Страсти и предвкушения были исполнены его слова. Мекетатон уснула у отцовской груди, но Мериатон внимательно слушала.
– Мама, – прошептала она на ухо Нефертити. – Он не сказал про Сменхару. Сменхару тоже здесь похоронят?
Но Нефертити только шикнула на нее, потому что жрец принялся петь гимн Атону и ее мужу. Эйе, совершив почтительное приветствие и получив разрешение подняться, стоял теперь в стороне. Взгляд обведенных черной краской глаз дочери медленно скользил по фигурам верноподданных, распростершихся ниц на песке. Эйе тревожило, о чем она думает в этот момент.
Усталые и сытые по горло путешествием, придворные по прибытии в Малкатту кинулись к своим ароматным купальням и к манящей мягкости приготовленных постелей. Тейе, в золотых одеждах, с диском и двойным пером, мерцавшим поверх завитого парика, с замиранием сердца ждала на ступенях причала, готовая к официальной встрече. Мирное и приятное времяпрепровождение, в которое она погрузилась, было нарушено разговором с Хоремхебом, которого она приняла всего час назад. Он в почтительном молчании выслушал ее доводы, но на любые предложения попытаться отговорить фараона от его прихоти отвечал отказом.

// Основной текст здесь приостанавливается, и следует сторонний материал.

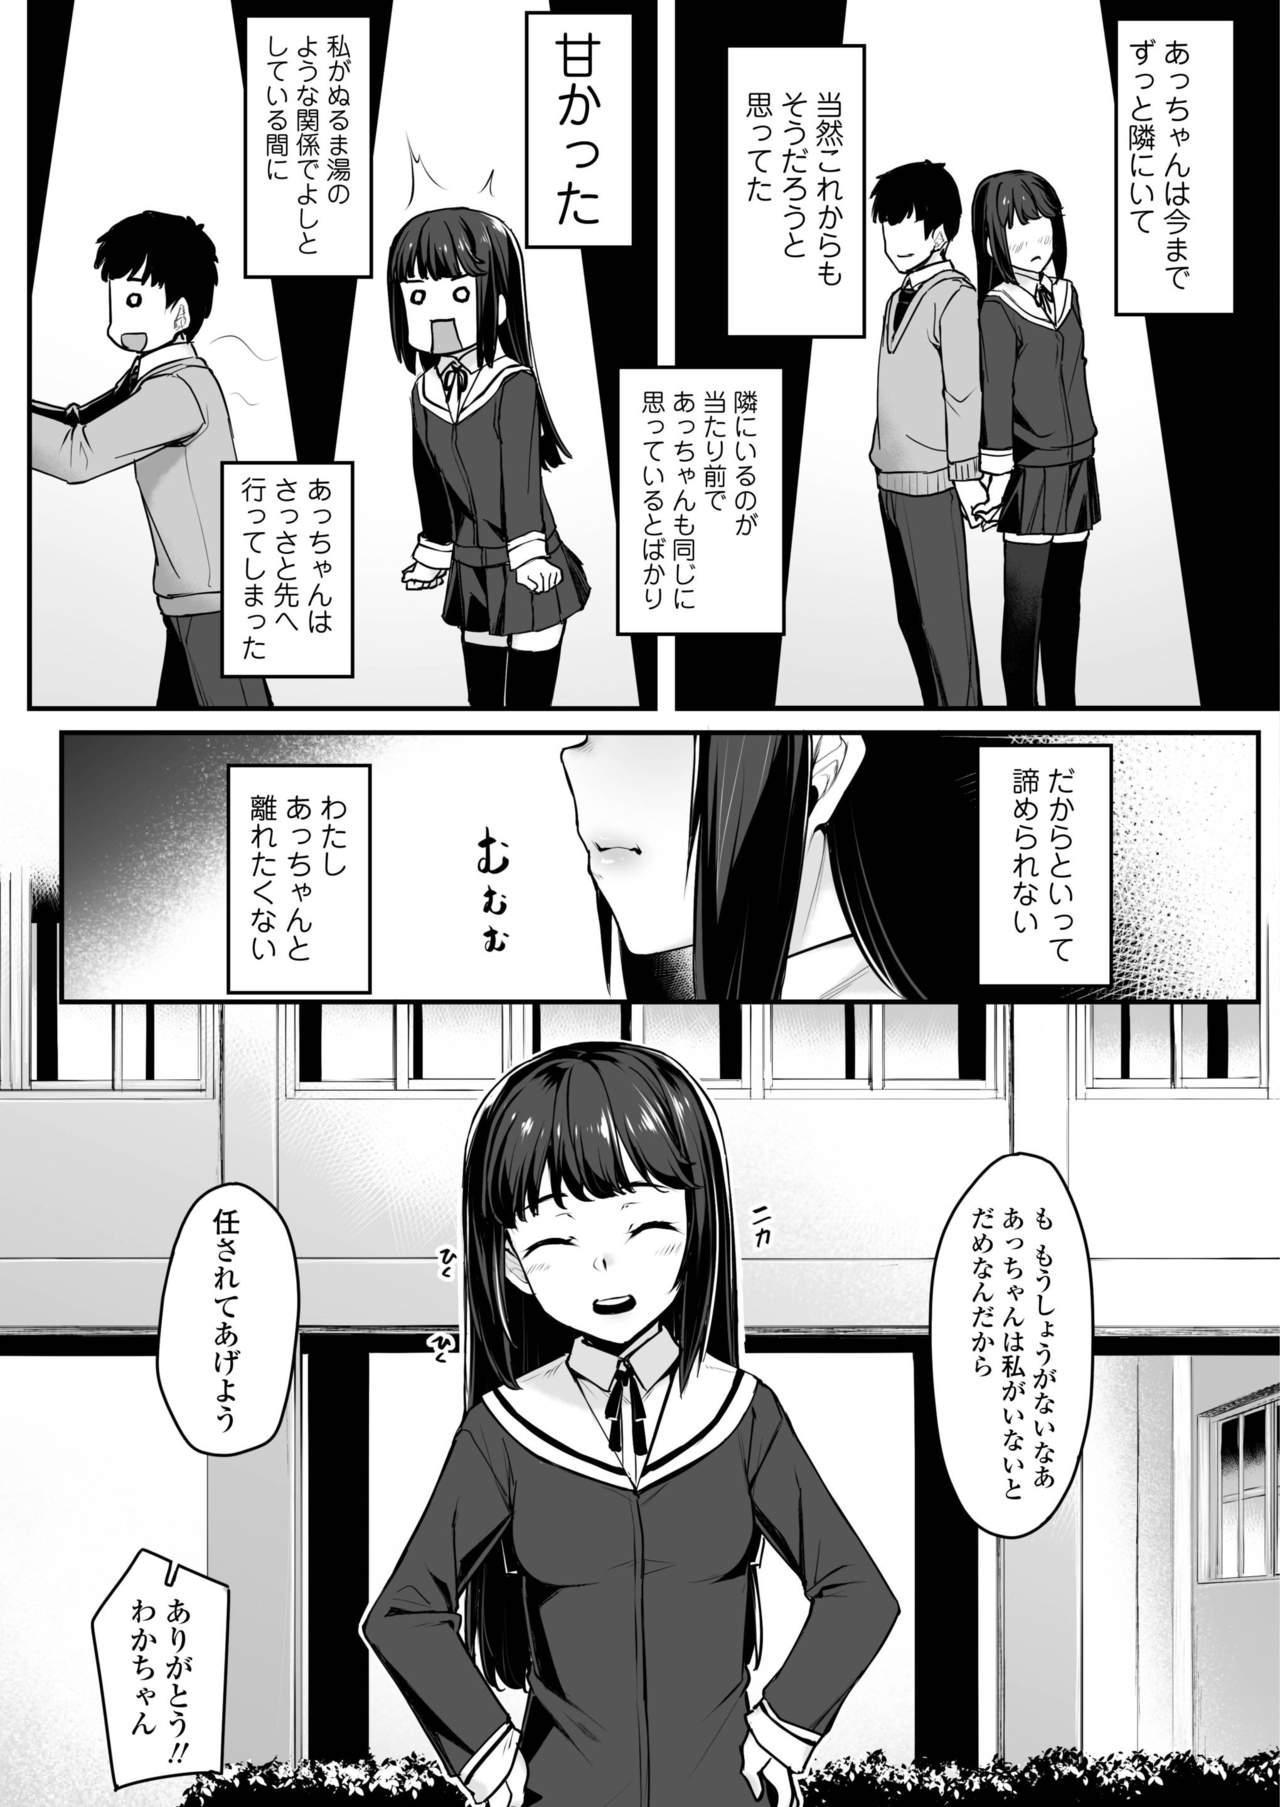 COMIC AOHA 2019 Haru 336

– Я нижайше сожалею, о великая, но это невозможно, – решительно проговорил он.
– Невозможно для тебя попытаться убедить его или невозможно для фараона поддаться убеждению? – раздраженно настаивала Тейе.
– Невозможно для фараона, императрица. Может, если он будет находиться ближе к Дельте, он лучше станет понимать проблемы своей армии.
– А, так ты намерен сохранять милость фараона, чтобы иметь возможность защищать солдат Египта, да? – насмешливо бросила она. – Я еще не выжила из ума от старости, Хоремхеб.
Он улыбался ей с нежным сочувствием, памятуя о долгих годах близкой дружбы.
– Я преклоняюсь перед тобой, моя богиня, но твое беспокойство напоминает озабоченность матери полом еще не родившегося ребенка.
Он отказался продолжать спор, и, в конце концов, крайне недовольная, она отпустила его. Теперь она мрачно наблюдала, как фараон со своей семьей сходит на берег. Сменхара и Бекетатон, нарядно одетые, по такому случаю стояли рядом с ней. Ее настроение немного улучшилось, когда она заметила, как явно обрадовался фараон, увидев детей. Он нежно взял Сменхару за подбородок и посмотрел ему в глаза.
– Какой ты красивый сегодня, мой маленький братец! – весело воскликнул он. – И ты, мой цветочек! Иди сюда, я тебя поцелую. – Он раскрыл объятия, и Бекетатон бросилась к нему, осыпав поцелуями. – Я так скучал без своей доченьки, – ворковал он. – Какая она растет у меня румяная, золотая моя девочка!
Он поговорил с ней немного, потом отдал ребенка няньке. Мериатон была уже рядом со Сменхарой, ее ручка скользнула в его ладонь. Тейе заметила, как они осторожно начали двигаться к фонтану, и не стала препятствовать им. Эхнатон повернулся к ней, ожидая глубокого поклона в знак почтения, который она надменно отказалась совершить. Вместо этого она слегка наклонила голову.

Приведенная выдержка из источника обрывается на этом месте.